I was just wondering if you’d seen the calls for gays to have a ‘kiss in’ at CfA on Friday? Is anyone doing this? I can’t imagine it will work very well.

[QUOTE=MadTheSwine]

I ate at Chick Fil A and will continue to do so.
[/QUOTE]

Fight the good fight. Fuck yeah!

My ancestors have lived in Alabama since before the Civil War, I grew up in a very rural part of the state, I went to both private and public schools, and I’ve lived in this state for all but 5 years of my life and I have never felt more like an outsider than I did yesterday. It hit me harder than I can impart. It was basically for me and other gays the equivalent of what a non-violent KKK rally is to blacks (though God knows there were many blacks in line for their sandwiches as well, which disgusts me so damned much).

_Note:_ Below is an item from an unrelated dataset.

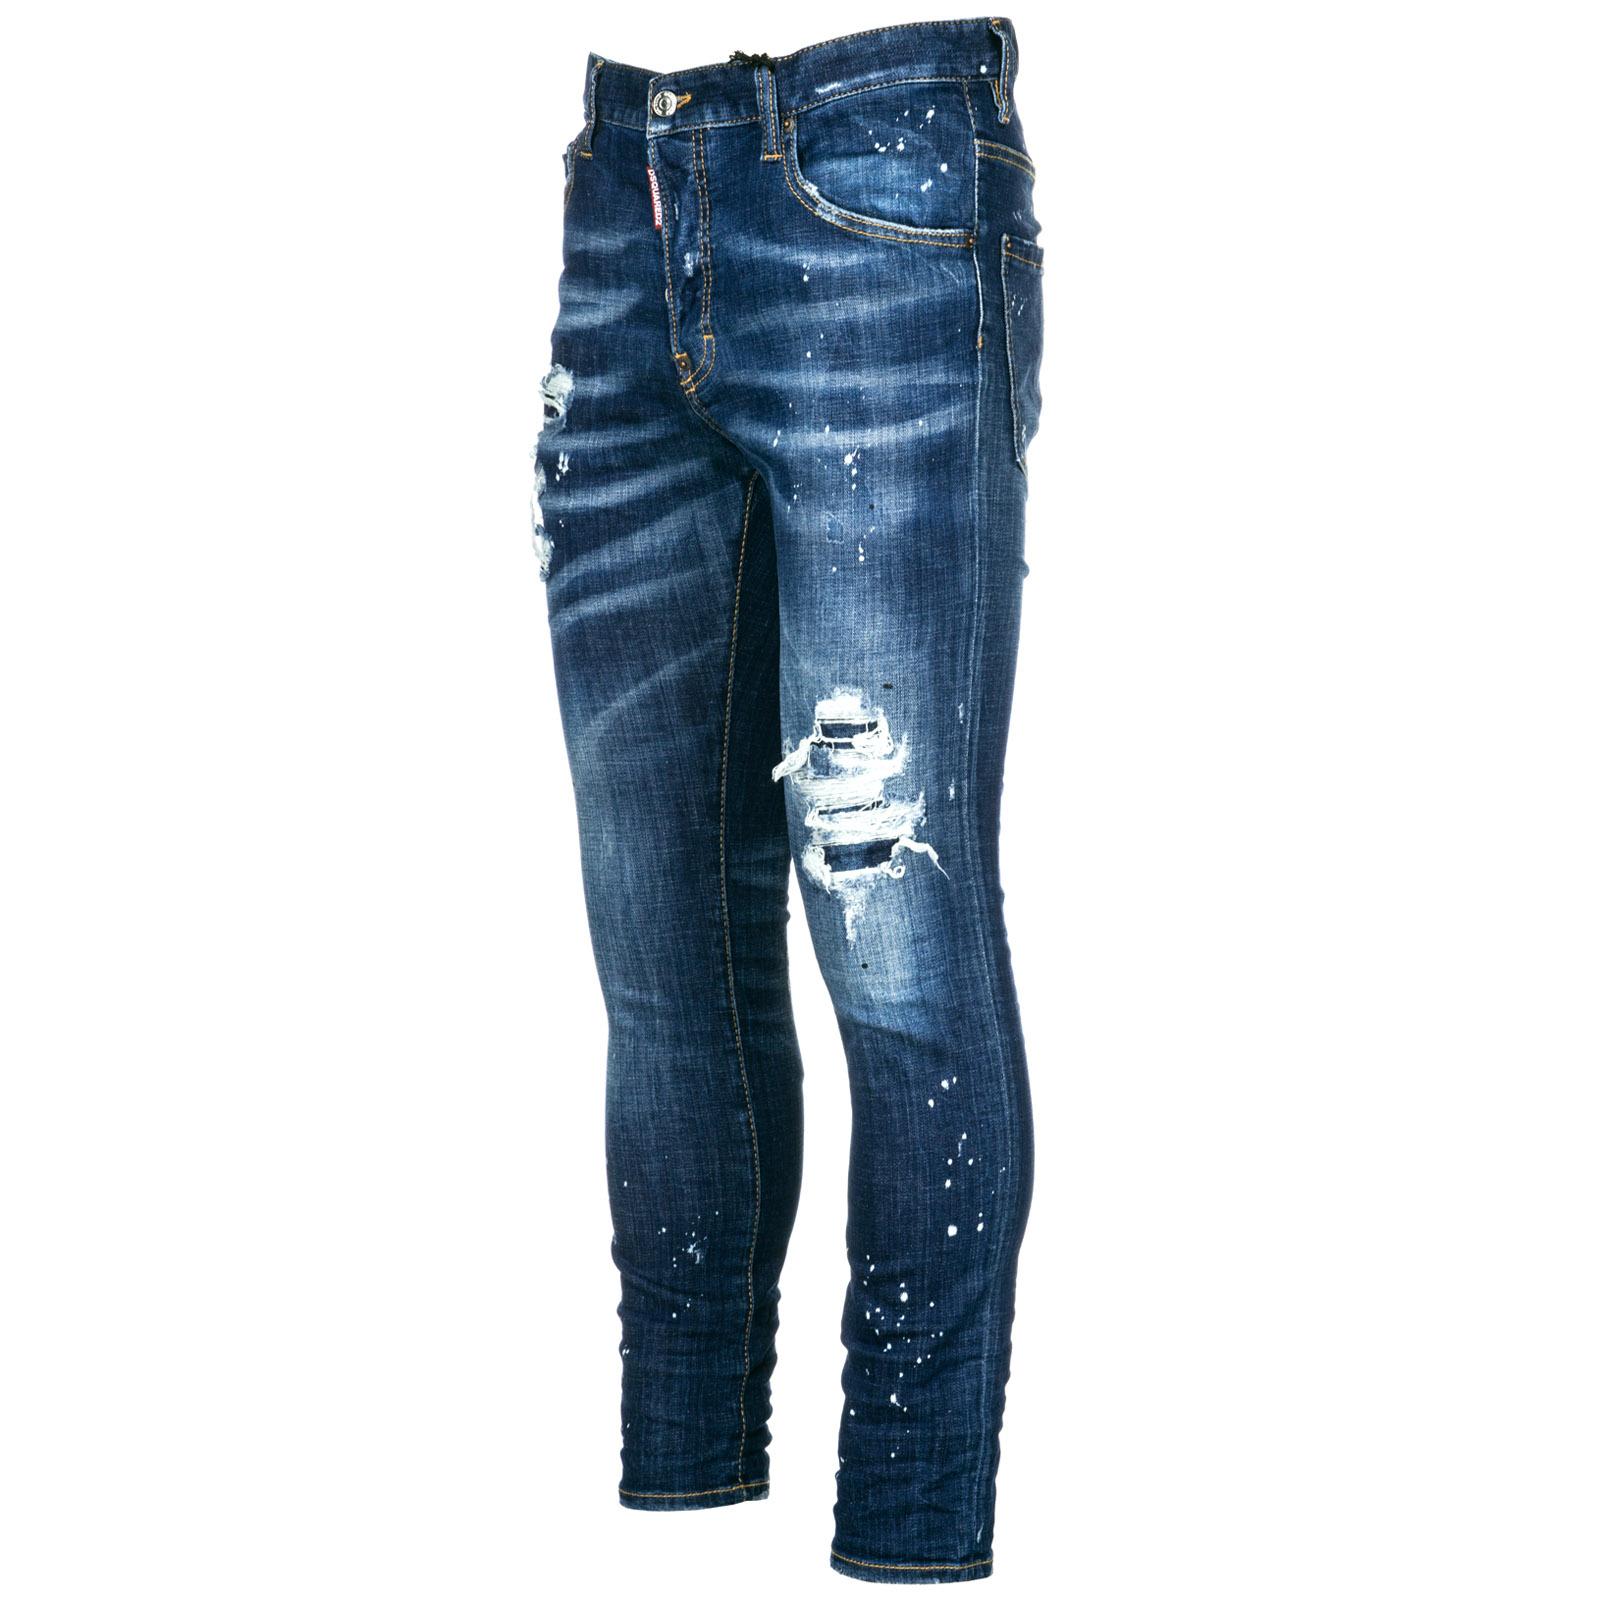 Men's jeans denim skater

I have about two or three Christian friends that I am very thankful for because they are the only reason I don’t viscerally despise everybody who self identifies as a Christian. For the first time ever I just the want the fuck out of here, forever, one way or another. The haters can have it. There is no interest in dialogue, the environment is becoming terrifying, and frankly I would my own quietus make if I knew I would be here another two years even. I’ve got enough equity in the house that I think I could sell it reasonably quick so long as I sell it at a break even. Even so, it’s hard because decent paying jobs just are so few and there are so many applicants for every one of them.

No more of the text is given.